BEGIN
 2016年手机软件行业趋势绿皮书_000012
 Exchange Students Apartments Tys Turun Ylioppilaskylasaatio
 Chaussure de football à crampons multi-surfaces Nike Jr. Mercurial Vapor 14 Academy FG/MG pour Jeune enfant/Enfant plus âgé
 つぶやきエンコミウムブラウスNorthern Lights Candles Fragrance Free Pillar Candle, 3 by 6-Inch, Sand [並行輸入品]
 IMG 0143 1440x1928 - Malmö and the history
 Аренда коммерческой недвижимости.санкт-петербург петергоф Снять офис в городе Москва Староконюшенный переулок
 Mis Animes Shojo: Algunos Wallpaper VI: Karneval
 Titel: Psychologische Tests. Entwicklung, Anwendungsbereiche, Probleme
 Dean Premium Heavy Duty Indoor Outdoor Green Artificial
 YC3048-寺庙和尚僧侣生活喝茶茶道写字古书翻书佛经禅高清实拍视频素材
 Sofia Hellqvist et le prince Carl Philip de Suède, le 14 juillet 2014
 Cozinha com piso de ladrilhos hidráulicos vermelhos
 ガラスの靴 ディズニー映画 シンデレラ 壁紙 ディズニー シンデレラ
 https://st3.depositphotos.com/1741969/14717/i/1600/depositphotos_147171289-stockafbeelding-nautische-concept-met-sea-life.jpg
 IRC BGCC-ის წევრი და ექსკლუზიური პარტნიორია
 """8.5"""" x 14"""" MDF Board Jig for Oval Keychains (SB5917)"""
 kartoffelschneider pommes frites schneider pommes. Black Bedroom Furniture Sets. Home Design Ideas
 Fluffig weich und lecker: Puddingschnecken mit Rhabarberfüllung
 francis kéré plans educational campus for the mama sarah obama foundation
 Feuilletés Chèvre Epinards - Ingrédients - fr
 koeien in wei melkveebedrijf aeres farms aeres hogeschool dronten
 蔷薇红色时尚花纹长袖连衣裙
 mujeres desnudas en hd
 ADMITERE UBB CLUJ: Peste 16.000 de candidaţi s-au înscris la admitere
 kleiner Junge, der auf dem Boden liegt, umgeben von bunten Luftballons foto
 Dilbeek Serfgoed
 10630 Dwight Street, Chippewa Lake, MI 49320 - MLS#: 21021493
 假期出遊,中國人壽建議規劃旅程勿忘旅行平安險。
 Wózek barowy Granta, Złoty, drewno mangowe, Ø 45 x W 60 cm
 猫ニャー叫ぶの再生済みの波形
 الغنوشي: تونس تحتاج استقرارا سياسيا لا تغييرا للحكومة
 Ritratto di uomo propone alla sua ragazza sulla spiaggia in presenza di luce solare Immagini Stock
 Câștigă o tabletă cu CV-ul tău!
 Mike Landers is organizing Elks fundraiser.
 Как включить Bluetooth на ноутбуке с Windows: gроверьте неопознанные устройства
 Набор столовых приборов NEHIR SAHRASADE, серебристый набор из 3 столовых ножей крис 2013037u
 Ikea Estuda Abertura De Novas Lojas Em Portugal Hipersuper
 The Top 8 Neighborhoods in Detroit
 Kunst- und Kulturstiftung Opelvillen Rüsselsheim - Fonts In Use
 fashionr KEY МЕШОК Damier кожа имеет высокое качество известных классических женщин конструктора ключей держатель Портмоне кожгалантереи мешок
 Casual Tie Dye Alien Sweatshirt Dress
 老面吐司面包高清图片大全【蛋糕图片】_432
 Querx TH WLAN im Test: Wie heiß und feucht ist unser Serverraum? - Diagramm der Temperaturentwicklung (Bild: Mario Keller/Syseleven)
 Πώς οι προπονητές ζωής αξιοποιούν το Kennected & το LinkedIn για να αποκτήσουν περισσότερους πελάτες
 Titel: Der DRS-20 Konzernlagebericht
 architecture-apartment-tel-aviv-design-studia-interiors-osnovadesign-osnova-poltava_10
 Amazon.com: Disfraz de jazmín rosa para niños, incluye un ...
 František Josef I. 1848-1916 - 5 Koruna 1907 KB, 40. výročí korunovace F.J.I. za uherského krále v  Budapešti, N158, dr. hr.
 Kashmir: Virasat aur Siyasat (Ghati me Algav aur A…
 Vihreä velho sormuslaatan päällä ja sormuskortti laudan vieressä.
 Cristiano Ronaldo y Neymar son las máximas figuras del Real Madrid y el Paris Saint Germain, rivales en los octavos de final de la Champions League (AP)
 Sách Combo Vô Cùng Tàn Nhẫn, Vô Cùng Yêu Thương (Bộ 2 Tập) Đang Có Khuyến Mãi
END
- Aim of the exercise:
Search the entries above for the word "Titel", and copy every line where it occurs.

- Your response:
 Titel: Psychologische Tests. Entwicklung, Anwendungsbereiche, Probleme
 Titel: Der DRS-20 Konzernlagebericht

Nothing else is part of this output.